[EXTRACTED DATA Boundary: Start]

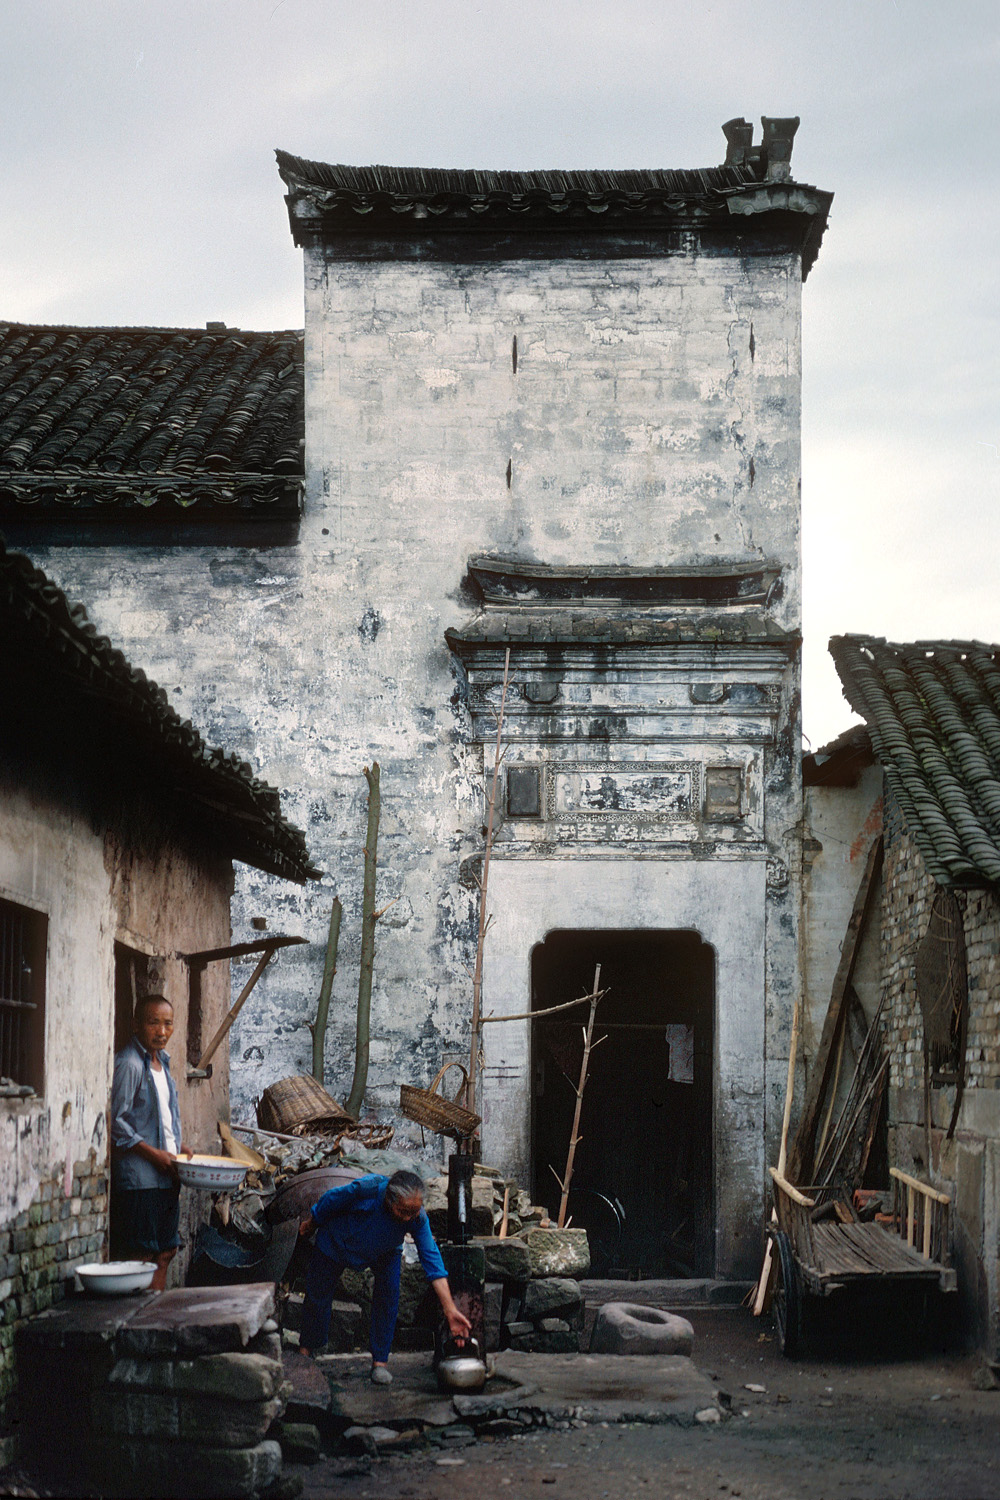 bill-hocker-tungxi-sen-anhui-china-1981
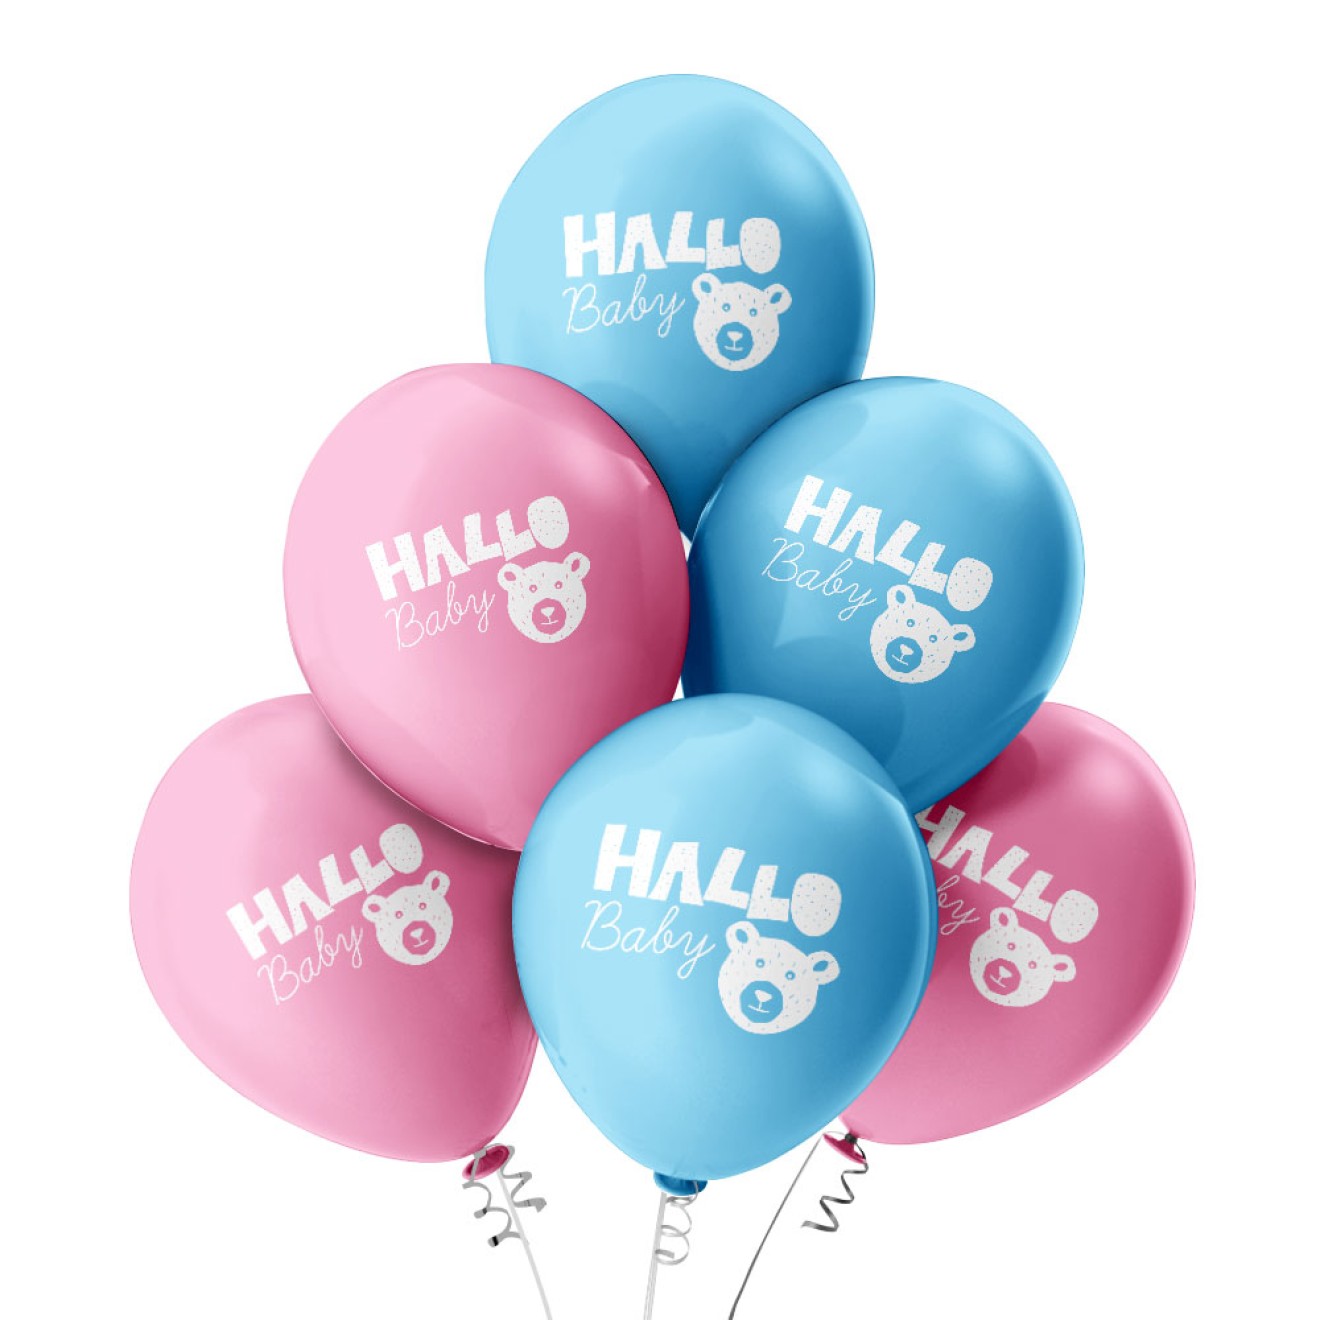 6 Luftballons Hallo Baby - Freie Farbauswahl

[EXTRACTED DATA Boundary: End]
[EXTRACTED DATA Boundary: Start]

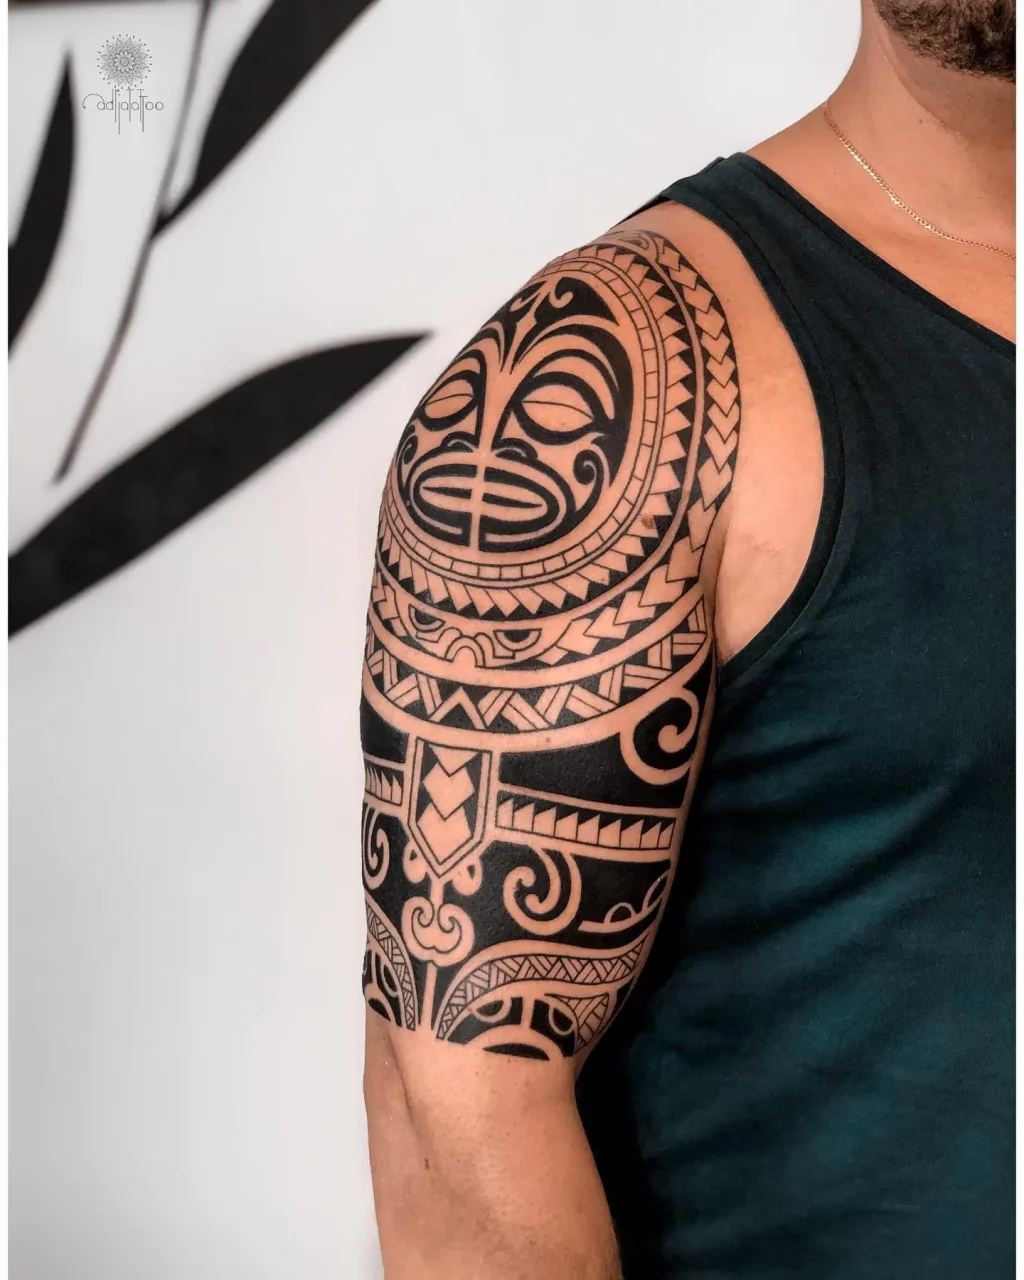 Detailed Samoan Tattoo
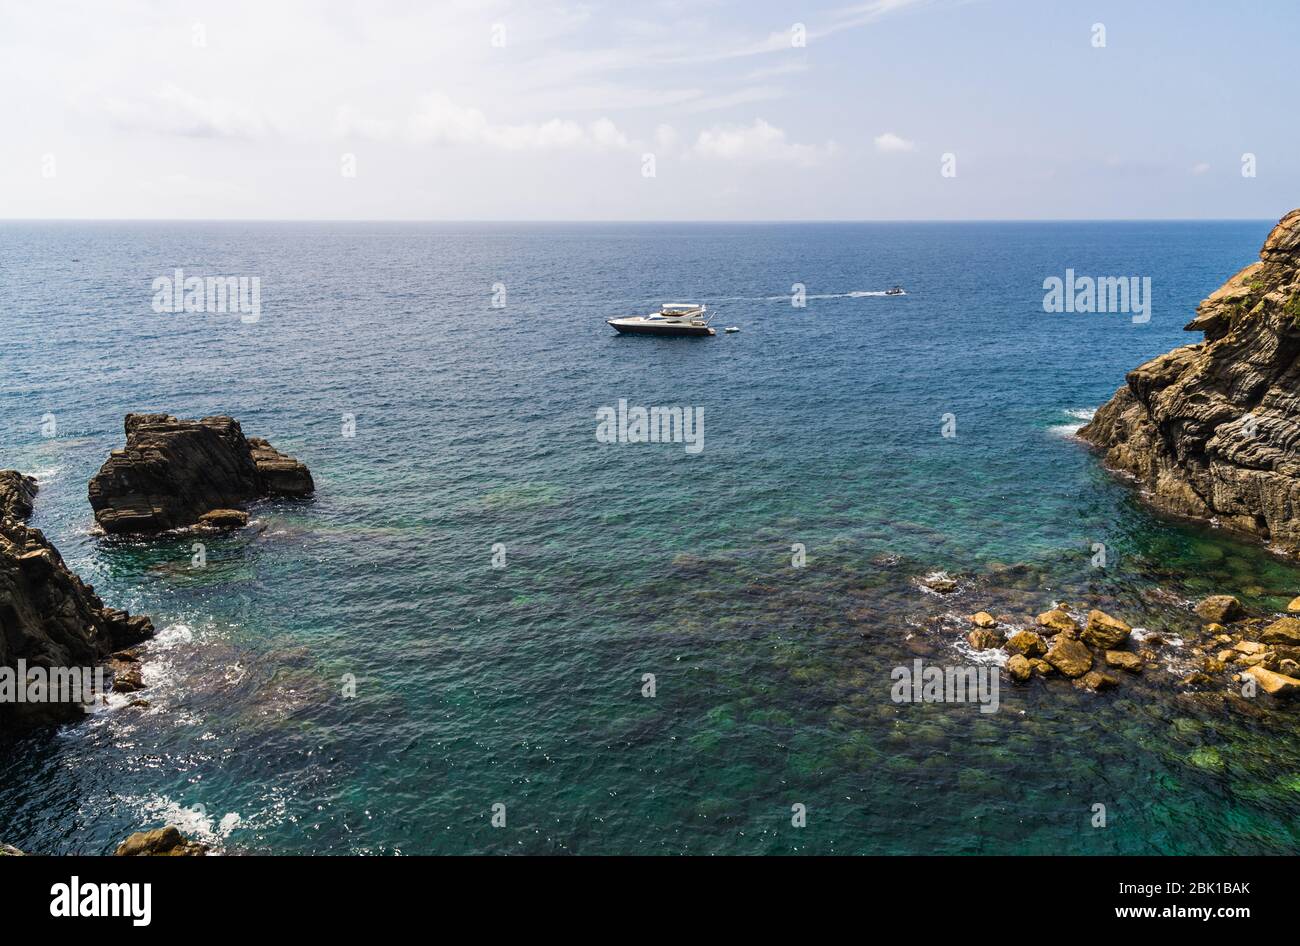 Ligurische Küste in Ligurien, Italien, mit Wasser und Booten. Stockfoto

[EXTRACTED DATA Boundary: End]

▶ _WHAT TO WORK ON_: A verbatim reproduction is expected: starting at the line above that has "bill-hocker-tungxi-sen-anhui-china-1981", ending at the line that has "6 Luftballons Hallo Baby - Freie Farbauswahl", both included, and with no pictures and no other lines.

▶ _TASK SOLUTION_:
 bill-hocker-tungxi-sen-anhui-china-1981
 6 Luftballons Hallo Baby - Freie Farbauswahl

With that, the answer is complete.